ECE Faculty Member, Students Win ASEE Best Paper Award

November 18, 2024

Electrical and Computer Engineering Associate Professor Chaomin Luo and ECE graduate students Tingjun Lei and Timothy Sellers recently won ASEE Best Paper Award presented at the 2024 ASEE Annual Conference.

The award-winning paper “Enhancing Student Learning in Robot Path Planning Optimization through Graph-based Methods” was published by the American Society for Engineering Education as part of the conference proceedings. The work investigates the integration of graph-based models, such as visibility graphs, Maklink diagram, Delaunay triangulation and Voronoi diagrams, into a computational intelligence curriculum to improve students’ understanding of robot navigation and motion planning optimization.

Dr. Chaomin Luo

In particular, the research focused on students effectively applying graph-based models in real-world scenarios, emphasizing the challenges of navigating complex, obstacle-populated environments, as well as effectively integrating theory taught in the classroom with practical applications. The models, which provide structured approaches for analyzing environments and guiding robots through efficient optimization of trajectories, were a core part of a milestone project-based learning framework as part of a course.

Luo said, “This hybrid pedagogical approach provides great opportunities for students to build their robot navigation, motion planning and mapping techniques in a cohesive and iterative manner by utilizing graph-based optimization algorithms.”

A key aspect was a hybrid pedagogy using an innovative Sparrow-Dissection and Scaffolding approach associated with Active Learning (SDS-AL), focusing on hands-on learning through step-by-step guidance. It fostered deeper understanding by encouraging students to analyze the algorithm’s data structures, grid representations and distinct method of converting sensor data into real-time motion planning and mapping with obstacle avoidance decisions.

Luo said this milestone project-based learning helps to bridge theory with real-world autonomy applications, a key goal in engineering education, ensuring that students not only learn the concepts but also know how to implement them in practical settings.

“Graph-based methods in autonomy and robotics are highly versatile and widely used, offering a structured approach for analyzing complex environments and determining efficient, safe paths for autonomous navigation and motion control. Their adaptability across various robot types and environments including indoor and off-road settings make them a cornerstone in computational intelligence and robotics,” Luo said.

The ASEE Annual Conference and Exposition is the largest gathering of ASEE members each year, offering a prime opportunity for attendees to share their research and insights in the field of engineering education.
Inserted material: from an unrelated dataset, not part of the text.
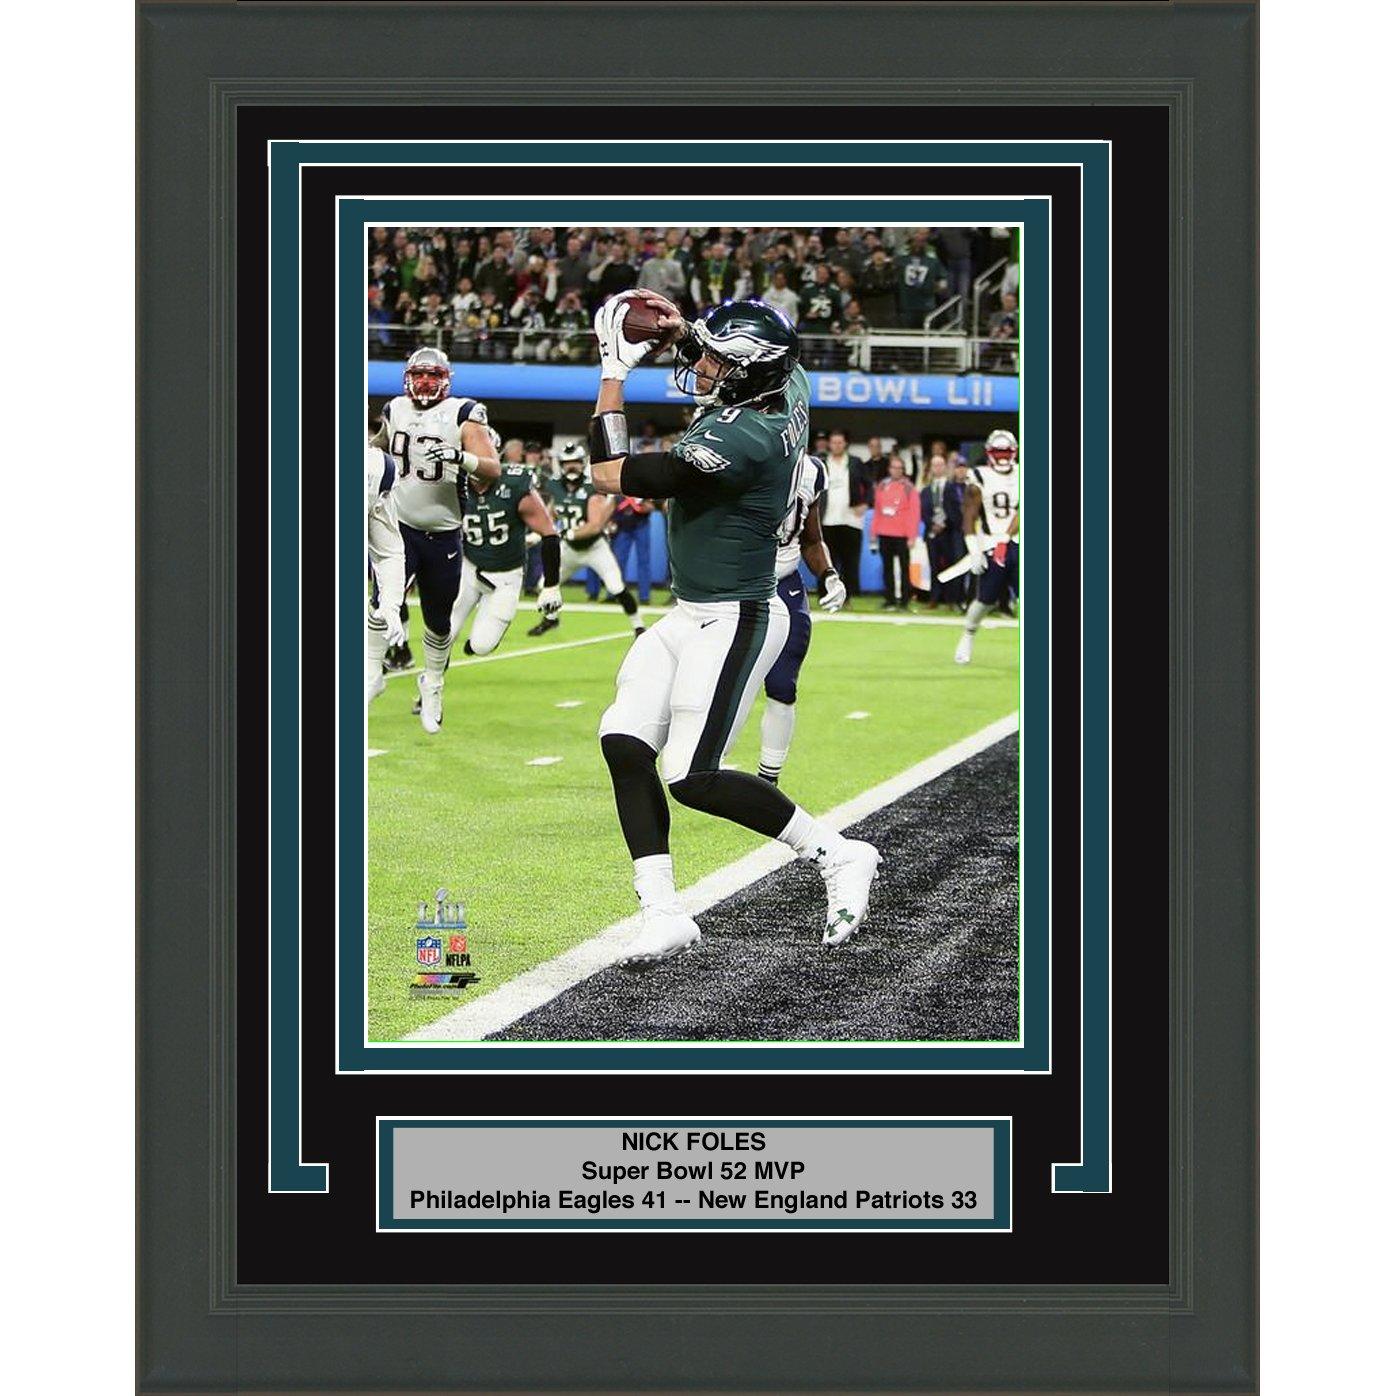 low priced 4a7c3 f1c92 Amazon.com: Framed Nick Foles Philadelphia Eagles Super Bowl ...

For more information on ASEE, click here.

Luo’s research focuses primarily on development and implementation of practically feasible, computationally efficient, and theoretically solid bio-inspired AI techniques for real-time motion control, robot vision, navigation and mapping of autonomous agents, with applications in precision agriculture, search and rescue and off-road autonomous vehicles.
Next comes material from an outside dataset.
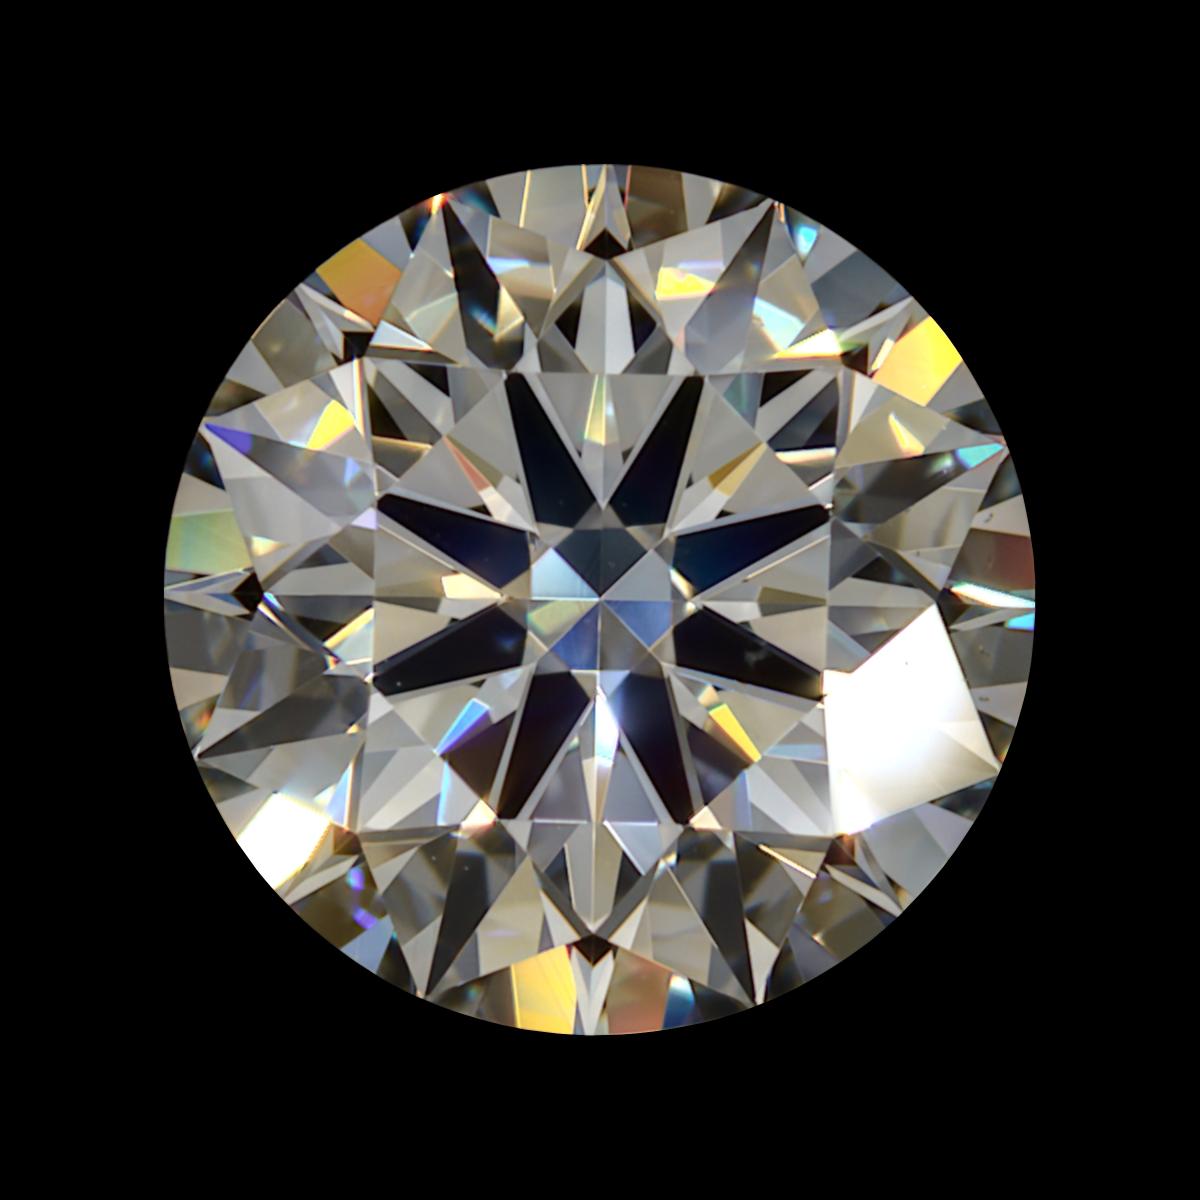 https://cdn.briangavindiamonds.com/files/mp4/AGS-104114551017/AGS-104114551017-Fire-02.mp4
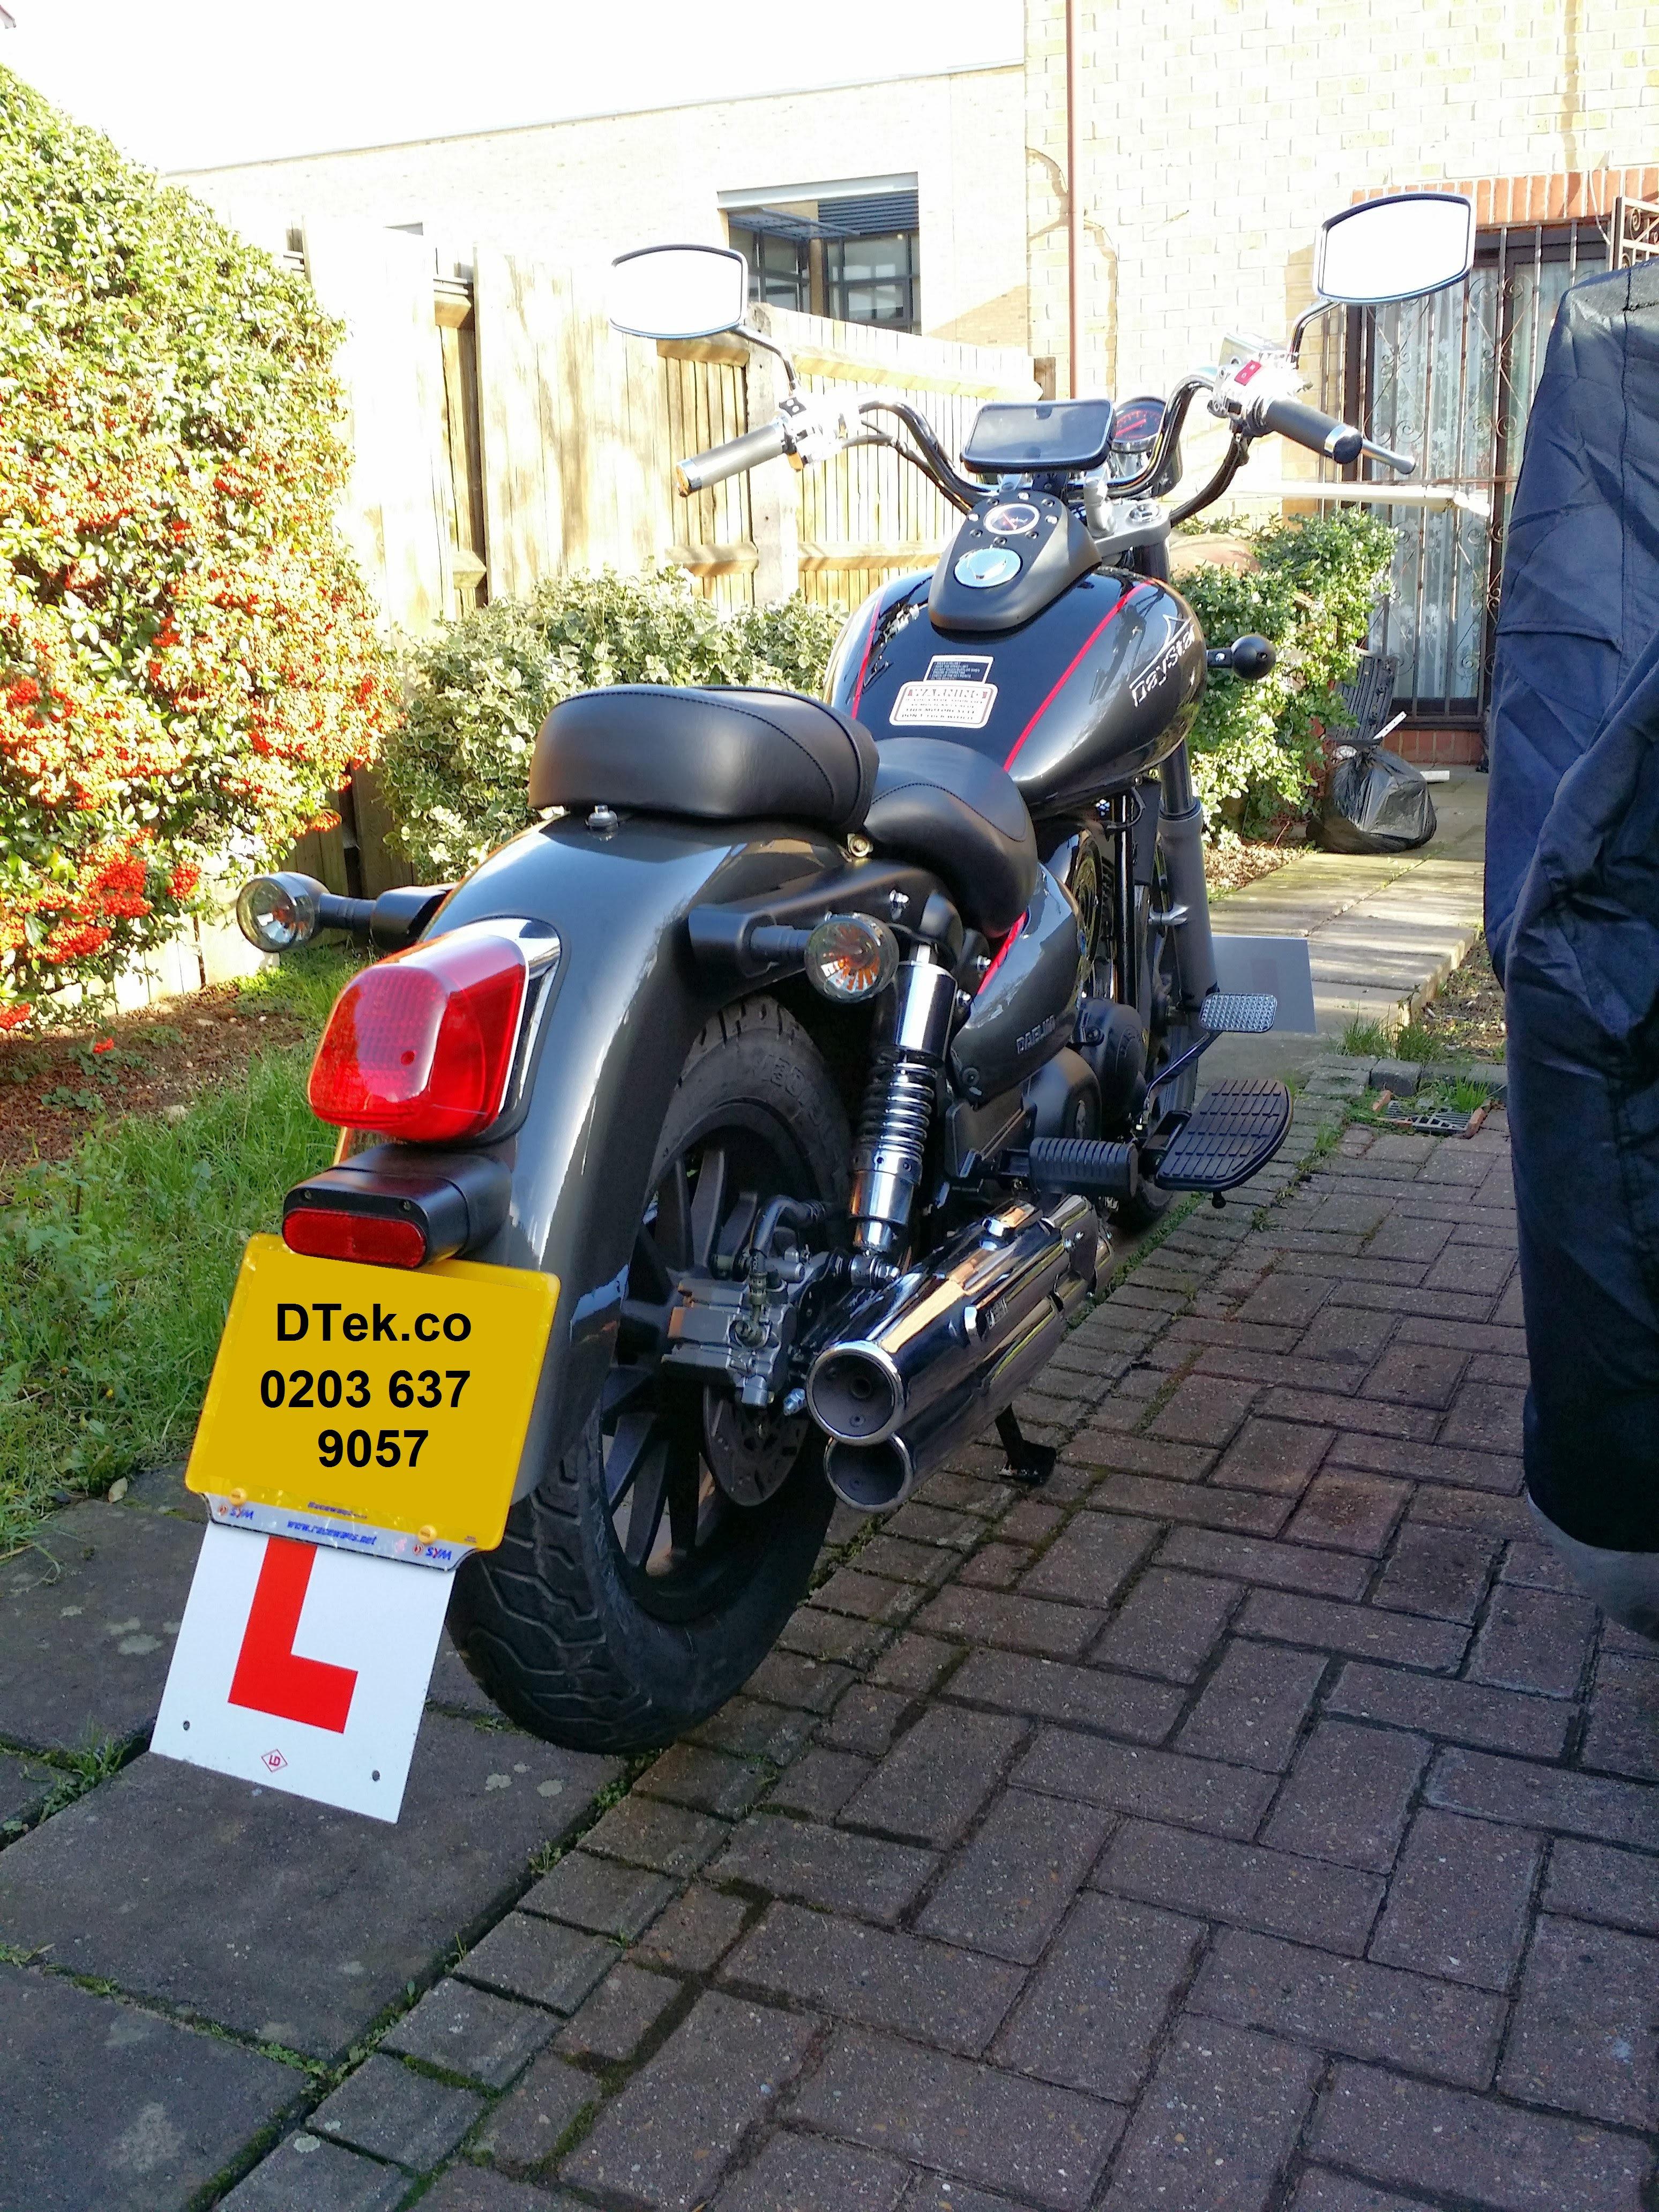 Motorbike GPS Tracker + Fitting

Lei received the ECE Best Graduate Researcher Award in 2023 and a Research Travel Award from MSU’s Bagley College of Engineering in 2023. His two papers have been selected and featured as cover articles on Intelligence & Robotics Journal. He has won six oral and poster presentation awards at multiple conferences, including the Best Paper Award at the 2022 International Conference on Swarm Intelligence.

Sellers received the ECE Outstanding Teaching Assistant Award in 2021 and received a Research Travel Award from MSU’s Bagley College of Engineering in 2024. He also received the Bagley College of Engineering Student Hall of Fame award in 2024. He won three poster presentation awards at multiple conferences.

The Department of Electrical and Computer Engineering at Mississippi State University consists of 27 faculty members (including seven endowed professors), seven professional staff, and over 700 undergraduate and graduate students, with approximately 100 being at the Ph.D. level. With a research expenditure of over $14.24 million, the department houses the largest High Voltage Laboratory among North American universities.